Die konkrete Methode, die ich angegeben hab, leistet diese Optimierung nur annähernd (auf jeden Fall scheitert sie, wenn die Reste nicht reichen, um Überhangmandate intern zu kompensieren). Aber der letzte Sitz hängt sowohl von den verbliebenen Ansprüchen der Länder als auch denen der Parteilisten ab. Das Land mit den stärksten Ansprüchen bekommt ihn nur dann, wenn es keine Landesliste mit größerem Rest in einem Land gibt, das auch noch ähnliche Ansprüche hat.

In meinem Beispiel wird nichts in den Osten verschoben, weil ich nur die nicht verfallenden Zweitstimmen zur Grundlage für den Länderproporz gemacht hab. Im Gegenteil verliert er nicht nur die Überhangmandate, sondern Berlin gibt noch seine 2 Extramandate an den Westen ab.

> Vor allem sehe ich nicht, daß die Sitzzahl der Länder
> wirklich ein zu optimierendes Kriterium sein soll

Das ist natürlich die Frage.
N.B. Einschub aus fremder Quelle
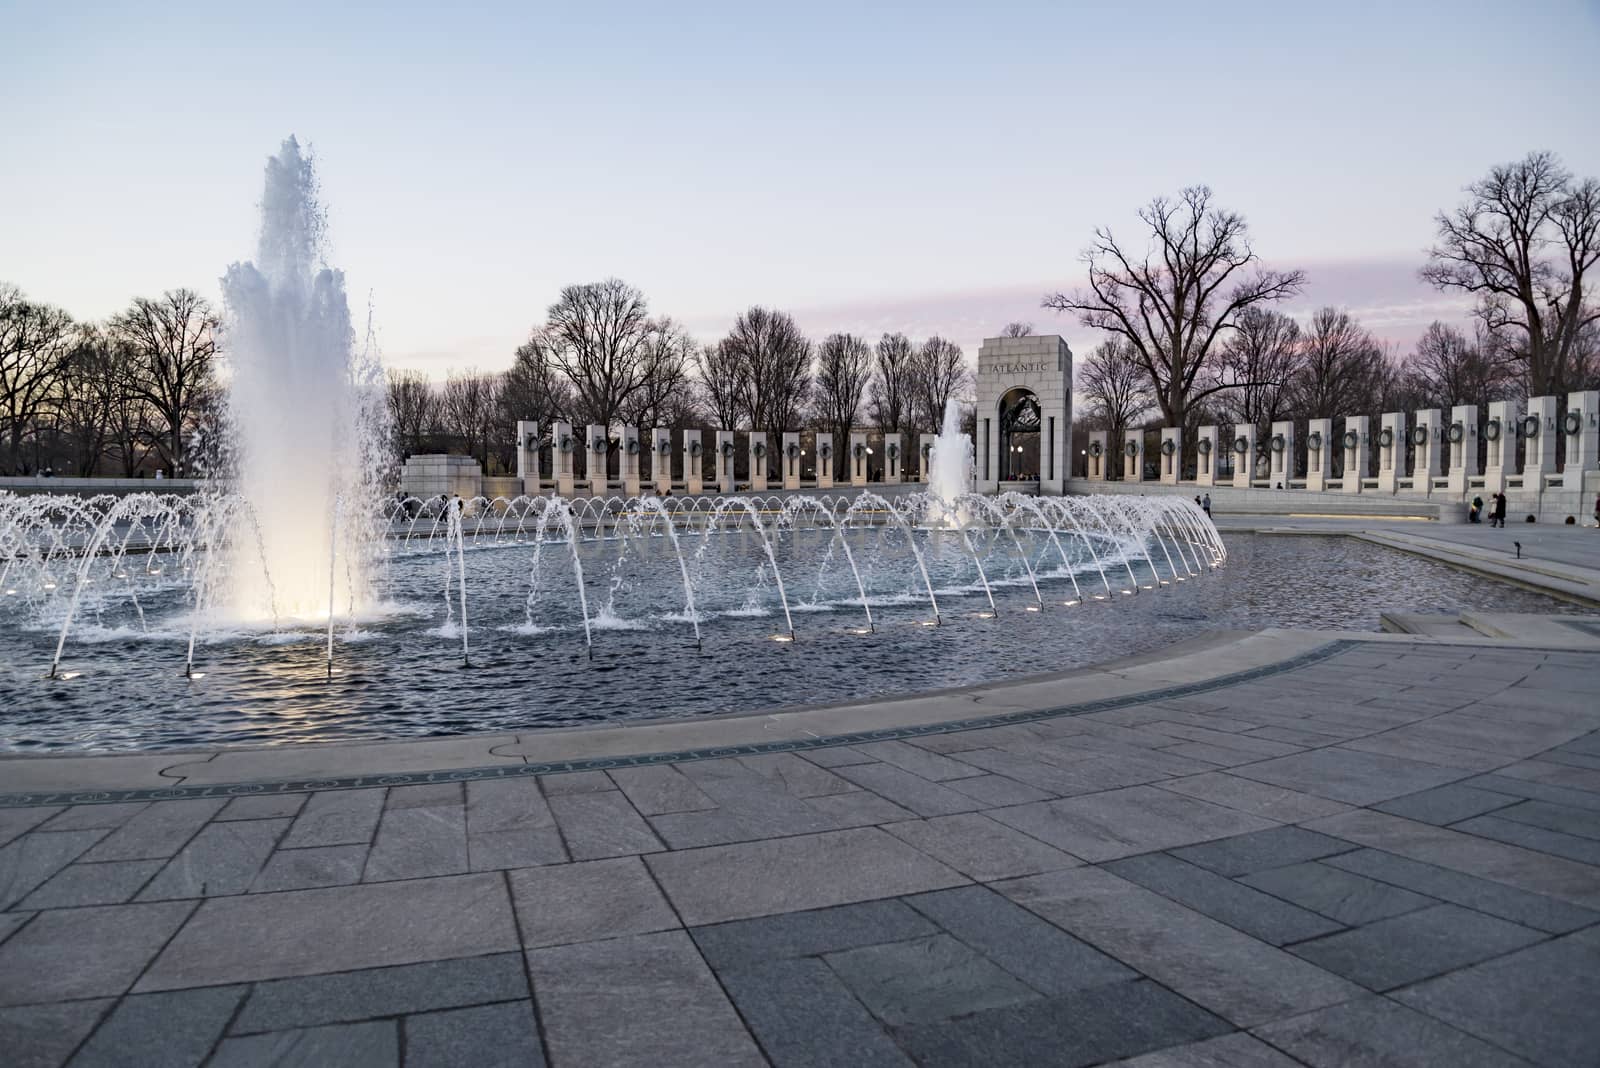 World War 2 Memorial at sunset during winter time in Washington DC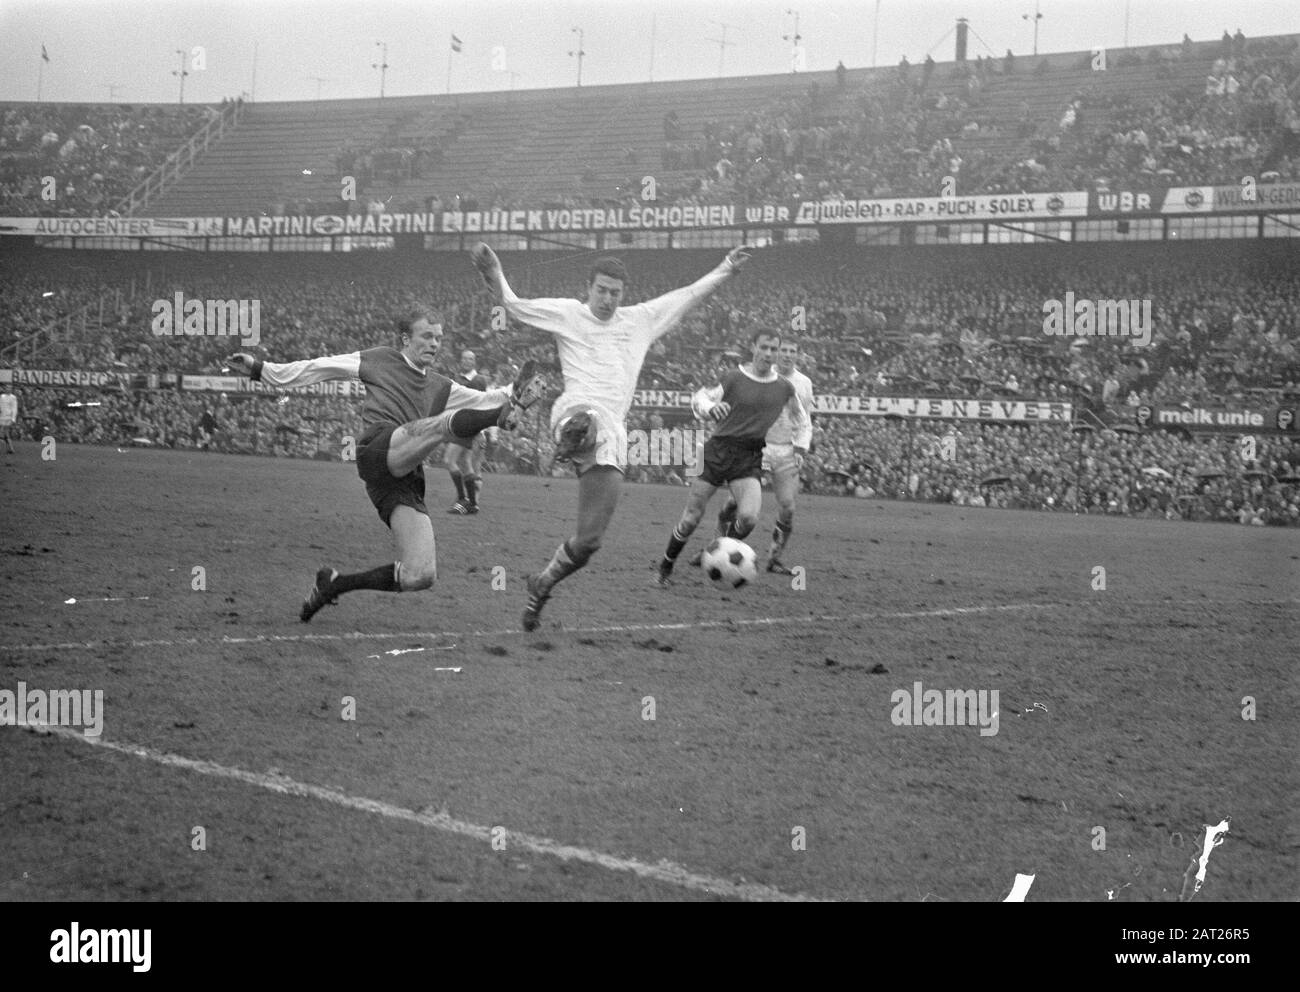 Feyenoord Against Go Ahead 4-0 Geels kommt nur ein wenig zu spät zum Ergebnis, richtig Kindvall Datum: 30. März 1969 Schlüsselwörter: Sport, Fußball persönlicher Name: Geels, Ruud, Kindvall, Ove Institution Name: Feyenoord Stockfoto

Wenn sie vorrangige Priorität hätte, müsste man sowieso die Sitze der Länder kontingentieren. Das hat sie für mich nicht, aber ich seh auch keinen Grund, warum der innerparteiliche Länderproporz wichtiger als der gesamte Länderproporz sein sollte. Für mich sind beide völlig gleichberechtigte Kriterien.

> (was ja heißt, daß ich die Kandidaten der anderen Parteien in meinem
> Bundesland zu einem gewissen Maße mitwähle).

Es ist ein bisschen so wie bei STV. Solang die gewählte Landesliste die Stimme benötigt, kommt sie ihr voll zugute. Sonst kann der Rest praktisch auf eine andere Liste im gleichen Land übertragen werden, wenn sie deren Ansprüche gegen eine konkurrierende Landesliste dieser Partei stärkt. Die andere Partei insgesamt hat aber nichts davon.